Michael Madison ’83 is the chair of the board of governors of the Association of Yale Alumni and a law professor at the University of Pittsburgh.

Just over three years ago, the board of governors of the Association of Yale Alumni adopted a strategic plan. Titled "Ambassadors for Yale," the plan has been a smash hit in operational terms. The AYA and Yale's ever-growing corps of volunteer alumni leaders have launched an amazing array of new programs and initiatives to engage more Yale alumni in service to the university, their communities, and the world.

Many of these programs have been featured in this column and elsewhere in the Yale Alumni Magazine. They include the Alumni Service Corps, leading Yale alumni on service trips to the Dominican Republic and to Monterrey, Mexico; the Yale Global Alumni Leadership Exchange, sharing the AYA's mission and strategies with alumni leaders at universities in Australia, Japan, and Turkey; and the global Yale Day of Service, which looks ahead to its third annual installment on May 14, 2011.

To complement the organization of Yale alumni into Yale College classes, regional clubs, and graduate and professional school associations, the AYA also supports a growing number of shared interest groups: alumni who organize themselves based on a student interest, professional interest, or demographic.

Meanwhile, more-traditional alumni affairs have also moved forward.

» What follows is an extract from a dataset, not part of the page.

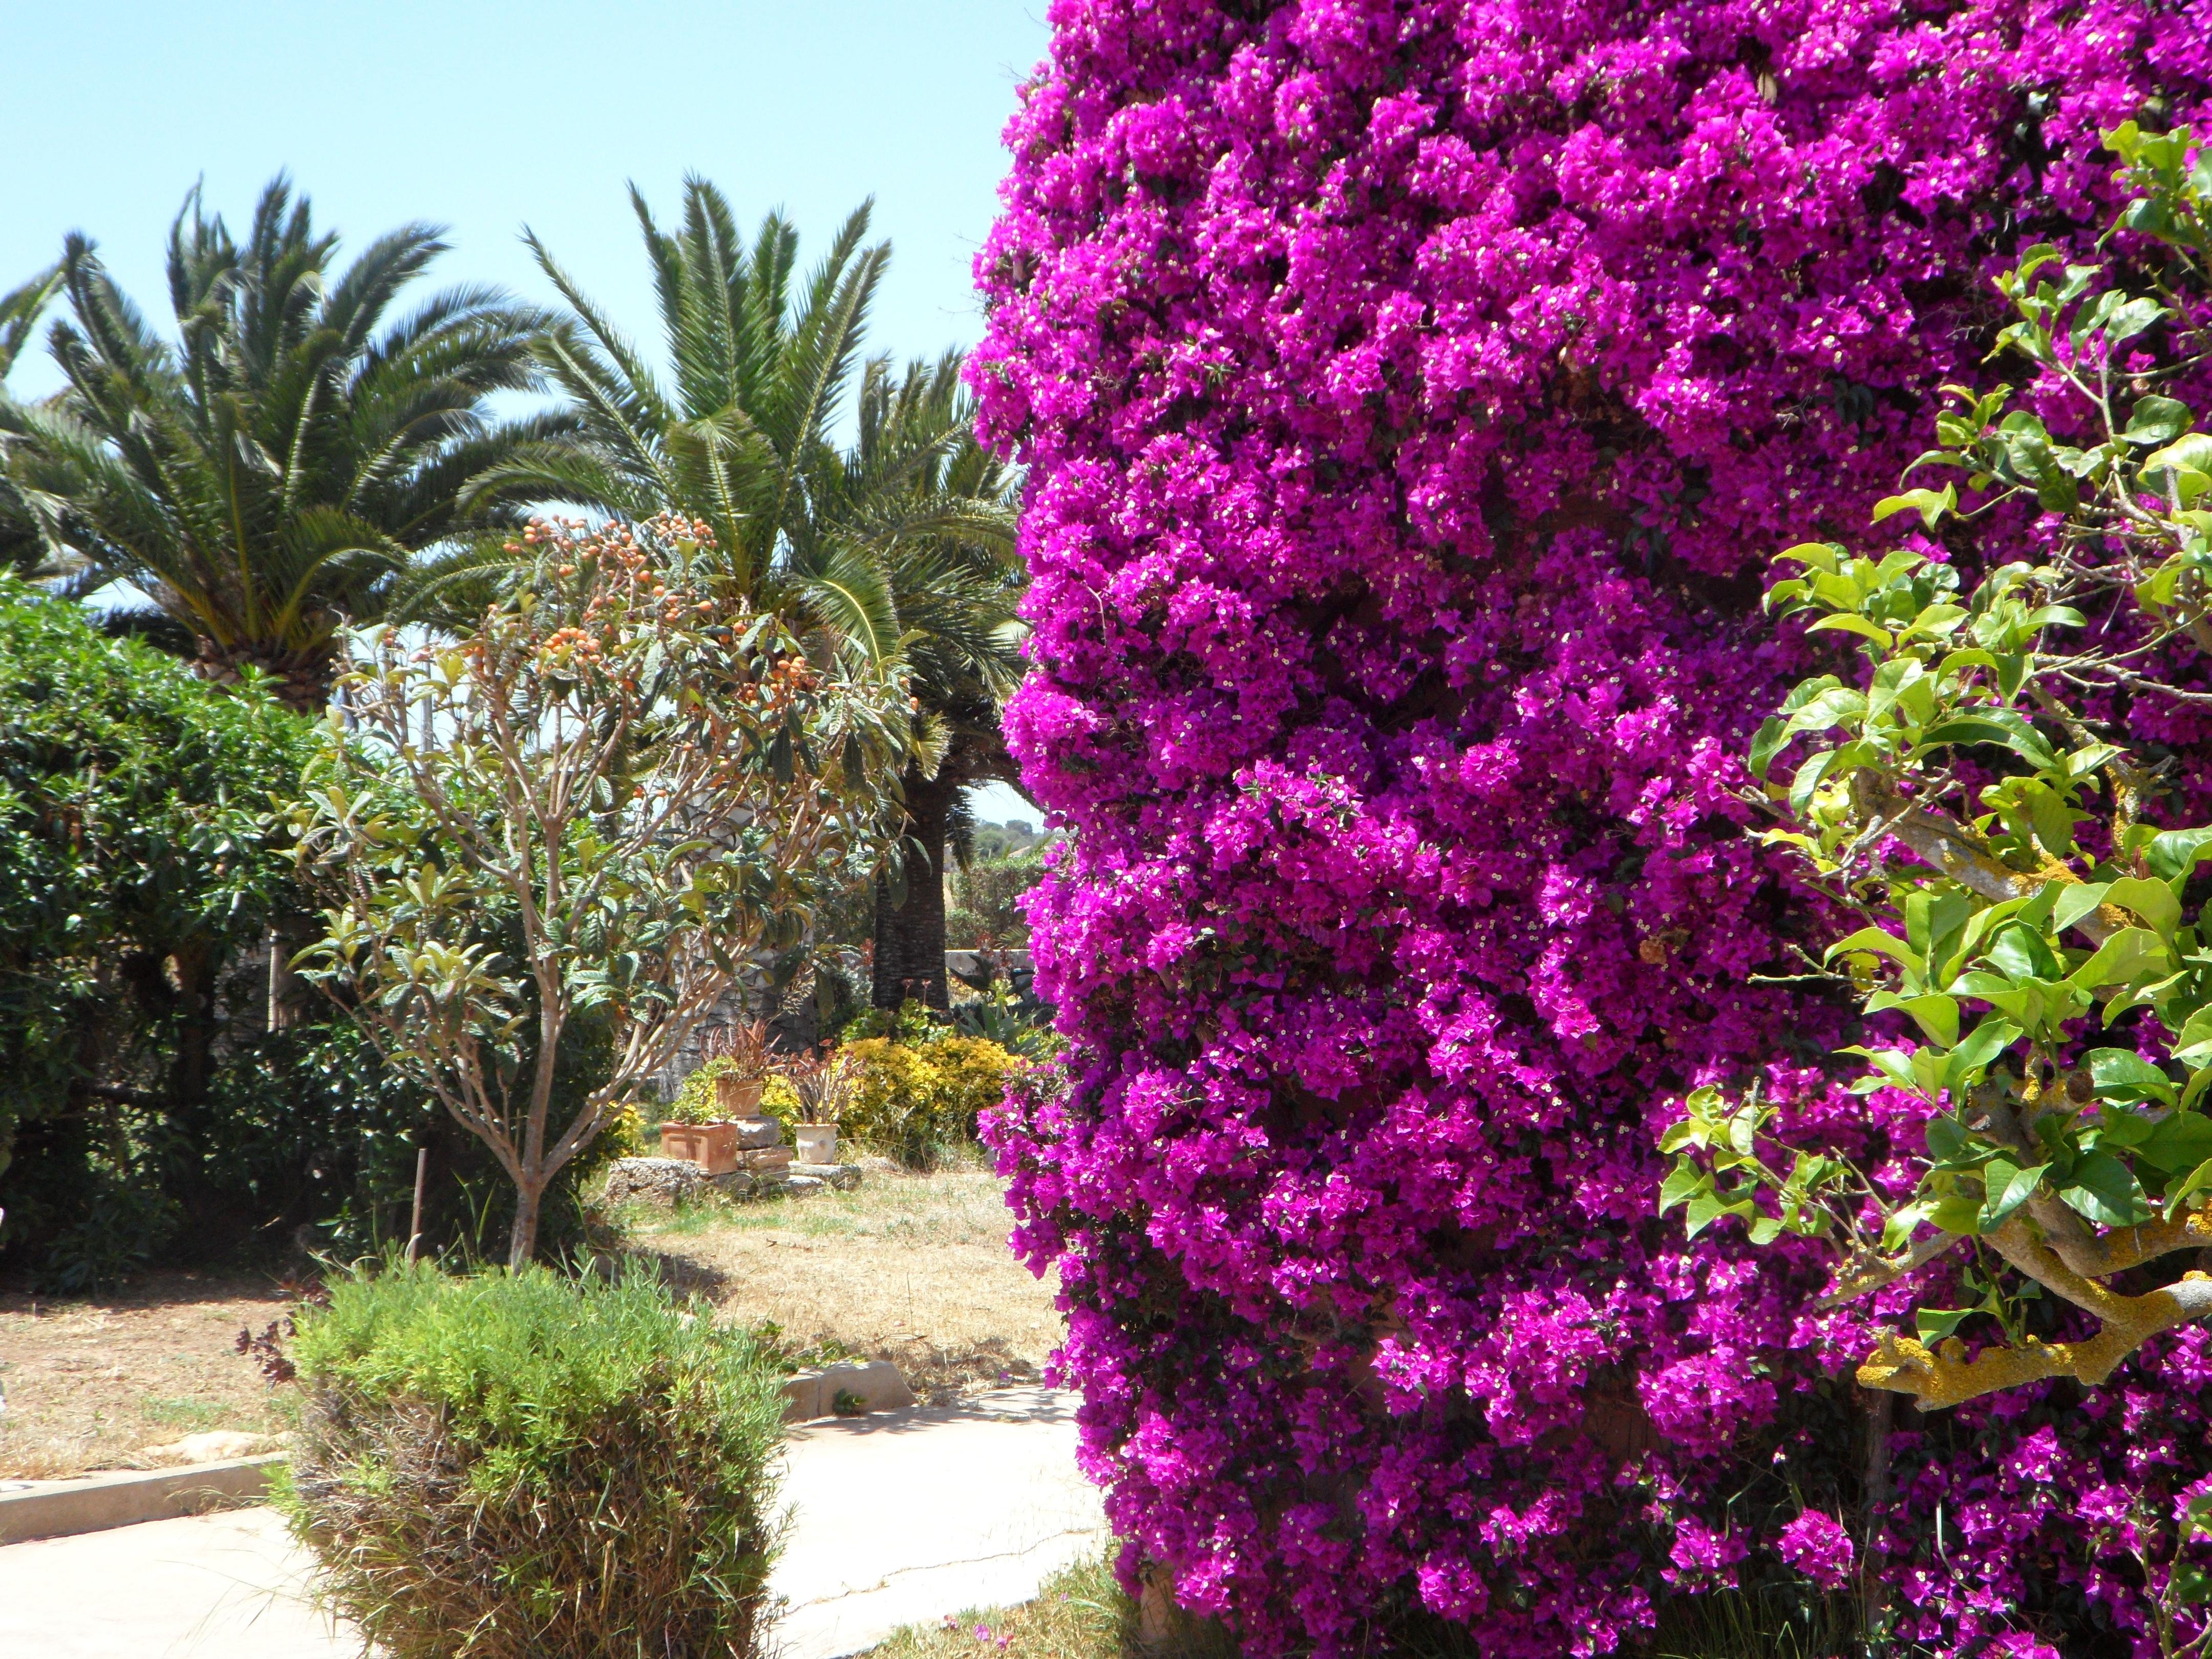 Arbustos perennes con flor rbol rama flor planta hoja - Arbustos perennes con flor ...

The 2010 Yale College reunion season set an all-time record for total alumni returning to campus. The AYA's executive director, Mark Dollhopf '77, his staff, and the two past chairs of the AYA, Susanna Krentz '80 and Ellen McGinnis '82, deserve an enormous round of applause for the work they have done to get this strategic plan up and running.

As the incoming chair of the AYA's board of governors, I am awed by the passion that the plan has unleashed—and harnessed—among Yale's alumni and the AYA's professional staff. I was a member of the board when the strategic planning process began, and I remember thinking: how is the AYA ever going to pull off such an ambitious plan while keeping up with the services it has long provided to alumni? And yet it happened—because the Yale alumni population houses a vast pool of talented individuals around the world who had been waiting for Yale to invite them to do something for their university. Yalies want to serve.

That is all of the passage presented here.